院裡的一大爺,廠裡的八級工,見誰都端著個架子。
現在呢?還不是得在自己面前低頭認罪,像條狗一樣被呼來喝去。
“我跟你們說,”
劉海中喝了一口粥,對著兩個兒子劉光天、劉光福訓話,
“做人,就要跟對人!
你看我,跟緊了林科長和李廠長,現在怎麼樣?
那個老易,跟林科長作對,下場你們也看到了。
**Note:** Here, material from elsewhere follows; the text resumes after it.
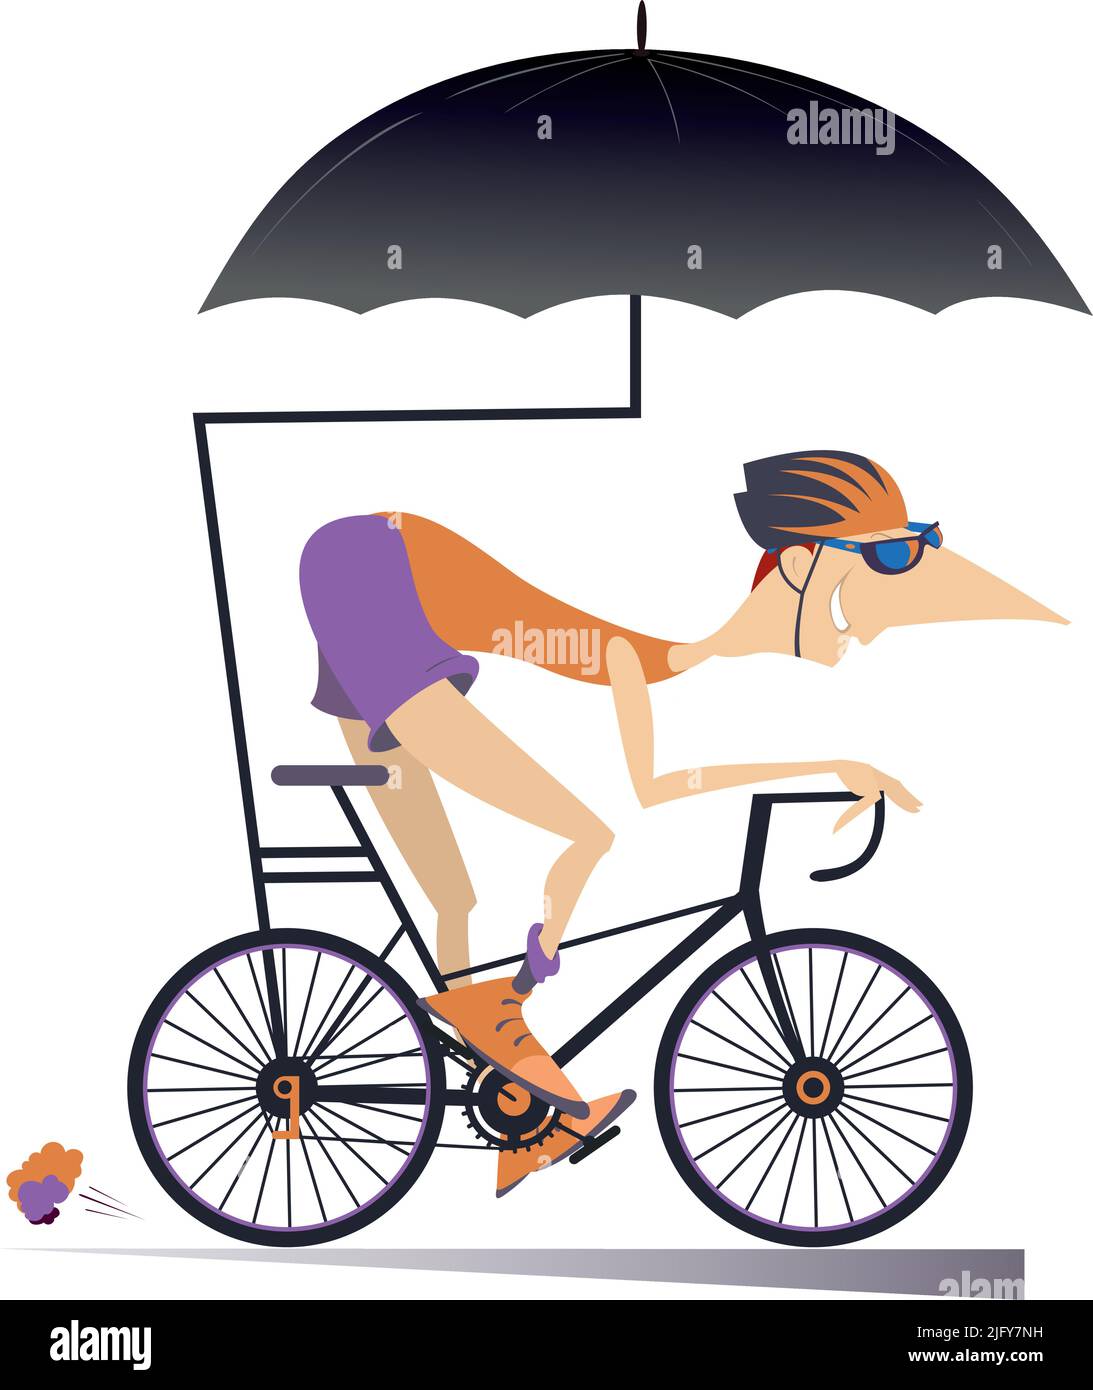 Cartoon Mann fährt ein Fahrrad unter einem Regenschirm Illustration.  Lächelnder Mann im Helm fährt ein Fahrrad und schützt sich mit Schirm  isoliert auf weiß Stock-Vektorgrafik - Alamy

這就是榜樣!”
劉光天和劉光福低著頭扒拉著碗裡的粥,不敢作聲。
他們對父親的這套官迷理論,早就聽得耳朵起繭子了。
前院。
前院,閻家。
自從三個兒子離家出走後,閻埠貴家裡的氣氛就變得死氣沉沉。
三大媽整天以淚洗面,唉聲嘆氣。
閻埠貴則是變得更加沉默寡言,每天除了上班,就是把自己關在屋裡,誰也不理。
他心裡後悔了。
但他拉不下那個臉,去把兒子們找回來。
他還在幻想著,兒子們在外面碰了壁,吃了苦,自然就會乖乖地回來求他。
然而,一個星期過去了,兩個星期過去了,兒子們一個都沒回來。
閻埠貴開始有點慌了。
他偷偷去打聽,才知道,閻解成三兄弟,在外面合租了一個小房子,
日子雖然過得緊巴,但三個人齊心協力,倒也撐了下來。
閻解成在街道辦上班,閻解放和閻解曠也在廠裡找到了臨時工的活。
他們寧願在外面吃苦,也不願意再回到那個充滿算計的家。
這個訊息對閻埠貴來說,無疑是晴天霹靂。
他最後的希望破滅了。
沒有了兒子們上交的工資,光靠他那點死工資,家裡的日子頓時捉襟見肘。
以前還能隔三差五釣條魚改善一下伙食,現在他連買魚餌的錢,都得算計半天。
這天晚上,閻埠貴喝了點悶酒,心裡的怨氣和憋屈,再也壓不住了。
他對著三大媽,大發雷霆:“都怪你!就是你這個敗家娘們!
慈母多敗兒!要不是你平時慣著他們,他們敢跟我翻臉嗎?
敢離家出走嗎?”
三大媽哭著說:“老閻,你怎麼能這麼說?
孩子也是你身上掉下來的肉啊!
當初你要是不非得貪那二十塊錢,事情怎麼會鬧到這一步?”
“還說錢!還說錢!”
閻埠貴像是被踩了尾巴的貓,一下子就跳了起來,
“我算計,我貪錢,我是為了誰?還不是為了這個家!
為了你們!你們一個個都不理解我!都跟我作對!”
兩人吵得不可開交,家裡的碗碟被摔了一地。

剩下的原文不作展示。